I have a naive question that different people gave me different answers and I couldn't find any answer in dozens of textbooks.
In what follows $R^m$ denotes the $m$-dimensional euclidean space with the Lebesgue measure.
Do the following recipes give us different measures?
A. the pushforward of $R^2 \to C$
B. area in the complex plane
C. induced by $dz\wedge d\bar z$
Main question: What about in higher dimension? How different are
1. the pushforward of $R^{2n} \to C^n$
2. the product measure using A, B, or C above
3. a Haar measure
Is there some other measure in $C^n$ that most people call "usual"?
Thanks in advance for explanations!
Comments.
Feel free to edit the question. (For instance I don't know how to describe B analytically).
I'm an undergraduate student starting in measure theory.
$\def\R{\mathbb R}$ For (C), note that $i/2(dz \wedge d\bar z) = dx \wedge dy$, and this is the normalization that we want. So I will just replace (C) with integration against the 2-form $dx \wedge dy$. After that, the distinction between $\R^{2n}$ and $\mathbb C^n$ pretty much disappears from the discussion.
So for (A), (B), (C), you want to compare (A) "Lebesgue measure" on $\R^2$, (B) "area measure on $\R^2$" and (C) "$dx \wedge dy$" on $\R^2$. The only two things you could possibly mean by (B) is either (A) or (C), so we are left to compare (A) and (C). I think you might read about (A) and (C) in different places with different starting points, so what is a conclusion in one place might be a definition in another. However one does it, the following things end up being the same: translation invariant Borel measure $\mu$ on $\R^2$, satisfying $\mu(K) < \infty$ for $K$ compact, and normalized so that $\mu([0,1] \times [0,1]) = 1$; product measure on $\R^2$ based on Lebesgue measure on $\R$; and the measure associated with the 2-form $dx \wedge dy$.
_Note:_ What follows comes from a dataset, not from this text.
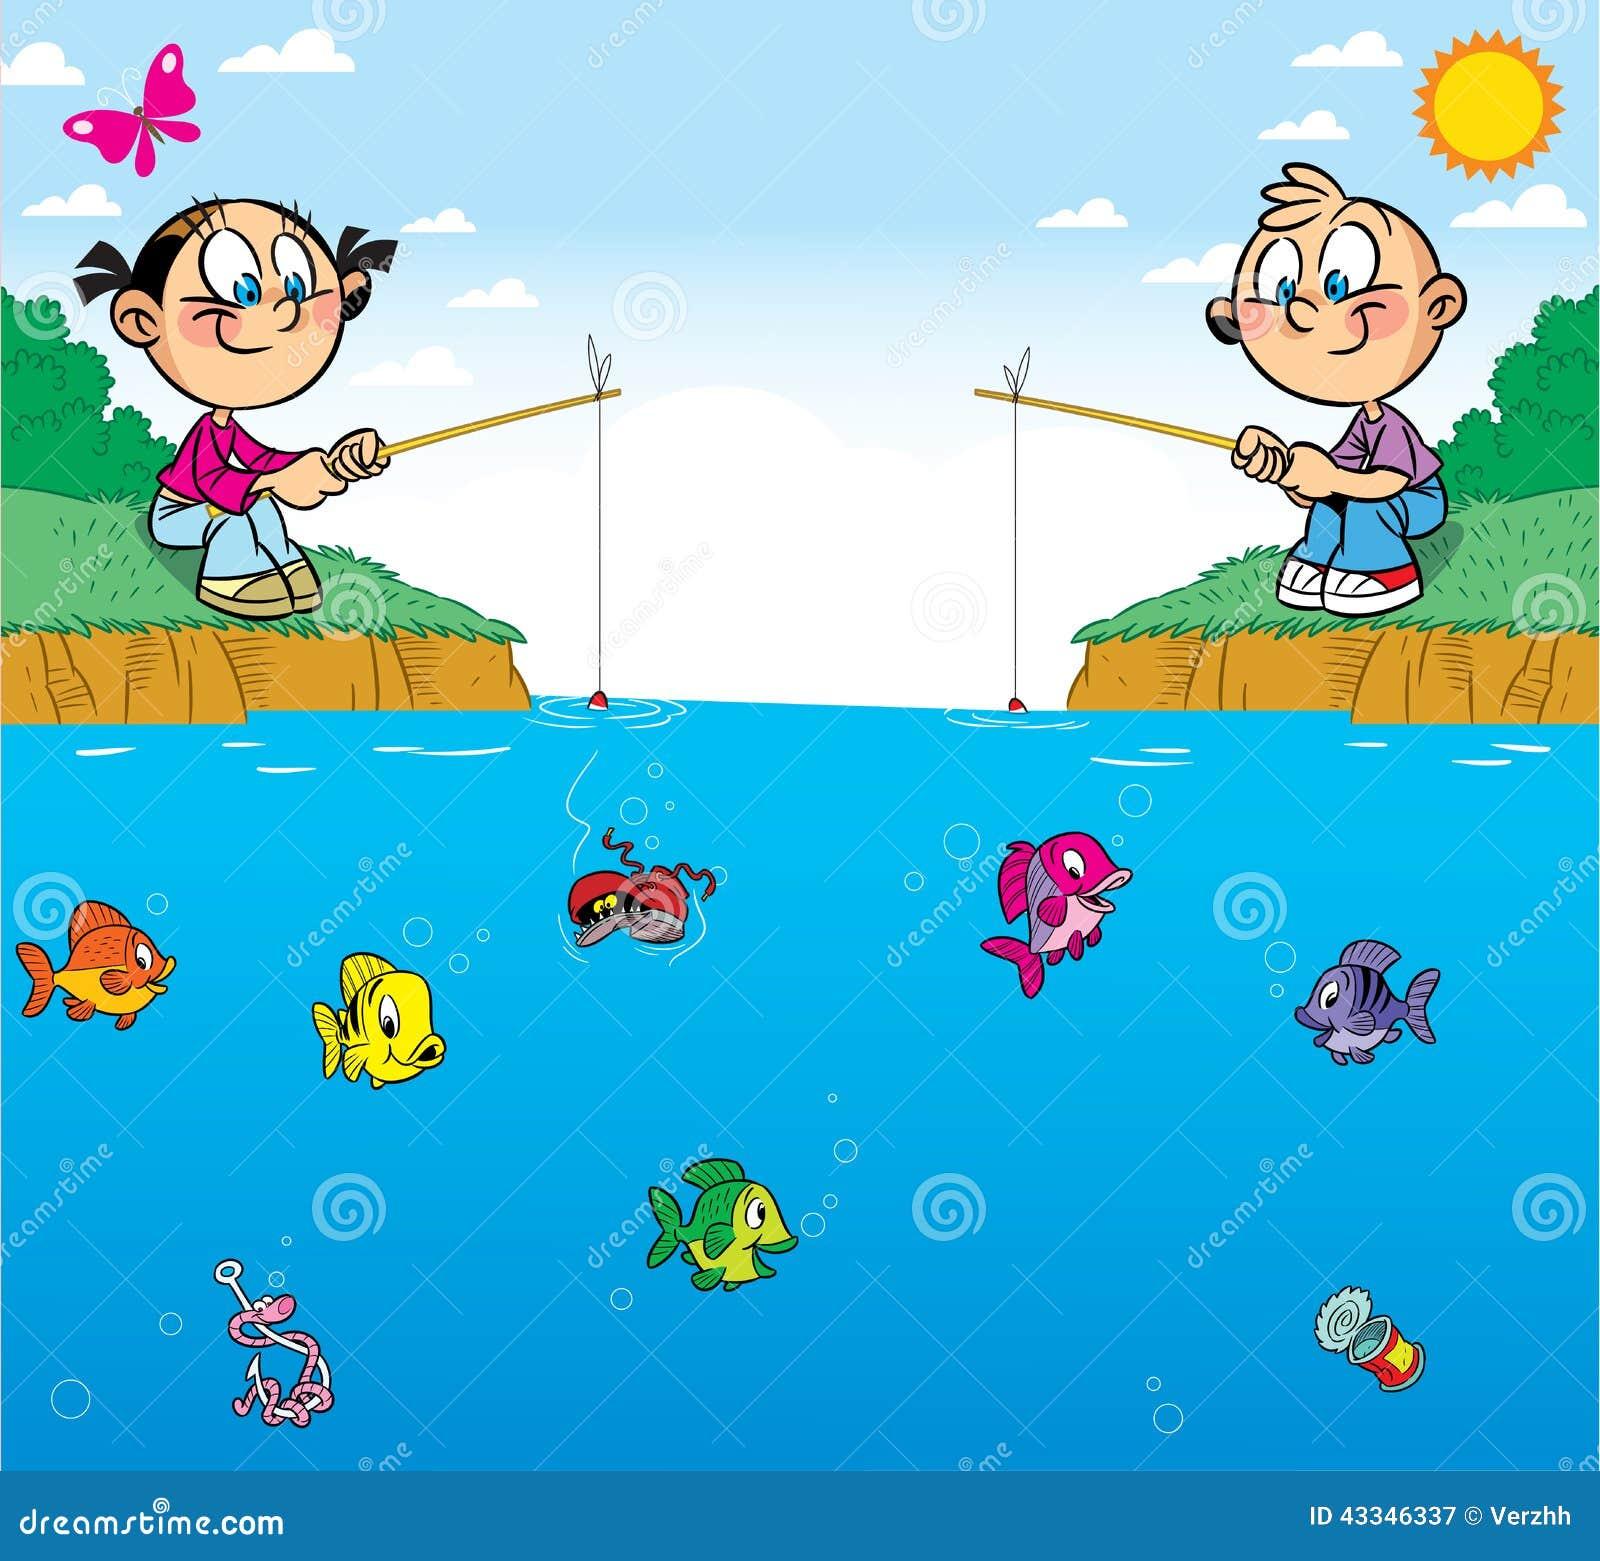 Children On Fishing Stock Vector - Image: 43346337

For (1), (2), (3), let's say we agree that "Lebesgue measure" on $\R^{2n}$ is the $2n$-fold product measure starting with Lebesgue measure on $\R$. It is shown, in Rudin, Real and Complex Analysis, for example, that Lebesgue measure is the unique translation invariant Borel measure which is finite on compact sets and normalized so that the unit hypercube has measure 1. So (1) and (3) agree.
So you are only left to compare two product measure constructions: $2n$-fold product measure starting with Lebesgue measure on $\R$ and $n$-fold product measure starting with Lebesgue measure on $\R^2$, which is itself $2$-fold product measure starting with Lebesgue measure on $\R$. There is no way in the world that these could end up being different, so just muscle through the details one way or another, or more elegantly perhaps, mimic whatever argument Rudin used to show $n$-fold product measure starting with Lebesgue measure on $\R$ ends up being translation invariant.